Fortunately, the new one, which Mrs Specs and I went to see last night, is much more the ticket. Trying to have a grown-up opinion alongside my default setting of sitting there thinking 'WOOOAAH! ACE!', I was impressed by the way it seemed to nail what it clearly thinks is the 'new audience' - that is, savvy and in some cases soppy teens. The high school romance element - while not how I remember my teenage years (did girls turn me down because I ... you know.... used complete sentences... and... *shrug*) - is nicely handled and actually makes a welcome breather from the newspaper subplot the stories have always had in the past. ('How do you get so many pictures of Spider-Man, Peter?' Gah!) Mind you, I'm sure that's coming in the sequels.
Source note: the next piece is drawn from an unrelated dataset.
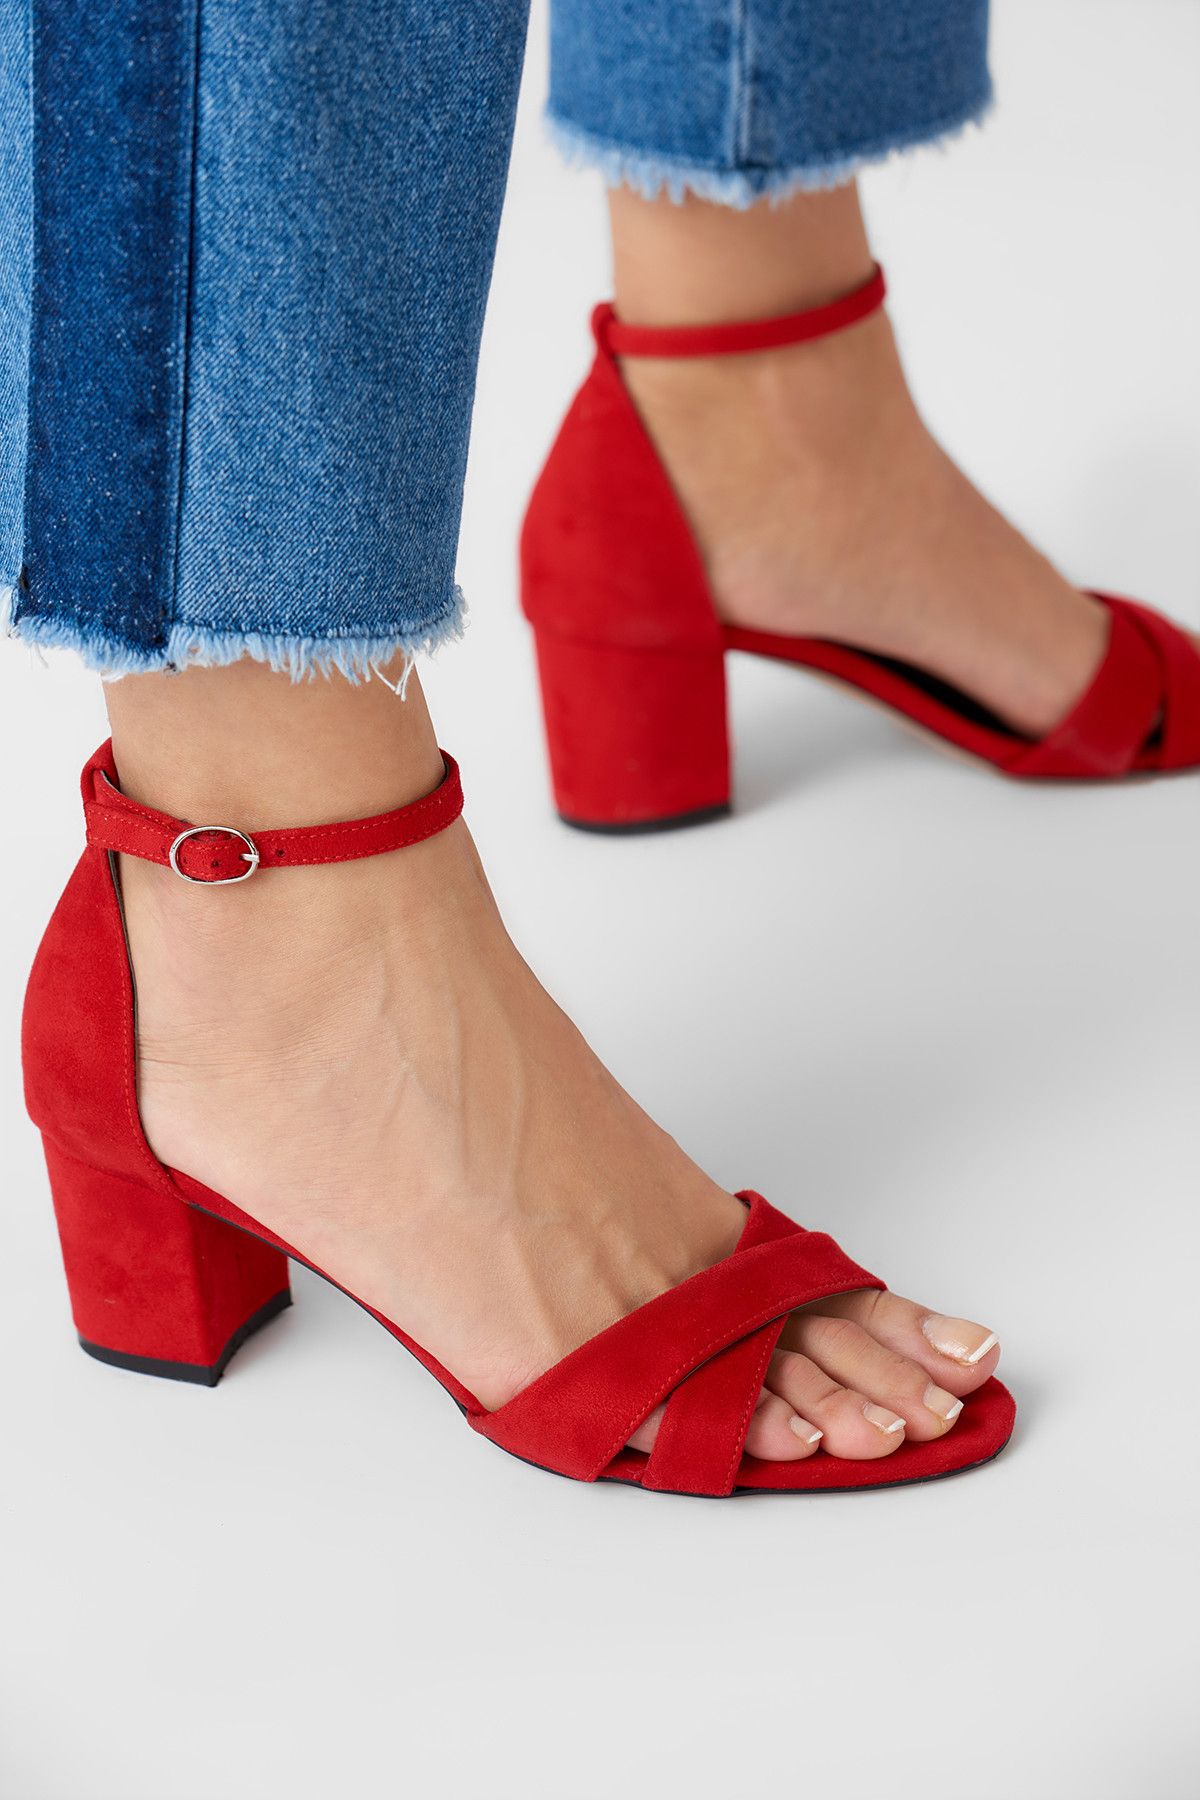 TRENDYOLMİLLA Kırmızı Süet Kadın Topuklu Ayakkabı 8203

When Spidey finally suits up, we get some genuinely spine-tingling set pieces of 'web action' (if there's actually a website for that, I don't want to know) which I felt imitated the jerky, disorientating action I loved so much from the cartoons far better than the Raimi films. We even get a kind of 'Spideycam' at points, as if we were swinging between the buildings ourselves. In funny glasses. Sitting down. But you get the idea.

Inevitably, since they have to tell us again how it all began, there's a lot to pack in, which means some of the character development is faster than lightning. Peter and Gwen seem to become an item more or less by telepathy (again, that could have come in handy back in the day). And I particularly enjoyed the police captain realising that Spidey is one of the good guys by telling him, 'I was wrong - this city does need you', as if suddenly noticing that the cops hadn't yet got around to setting up their own Giant Lizard Unit.

Now, Spider-people, make another one before someone decides to change it all again.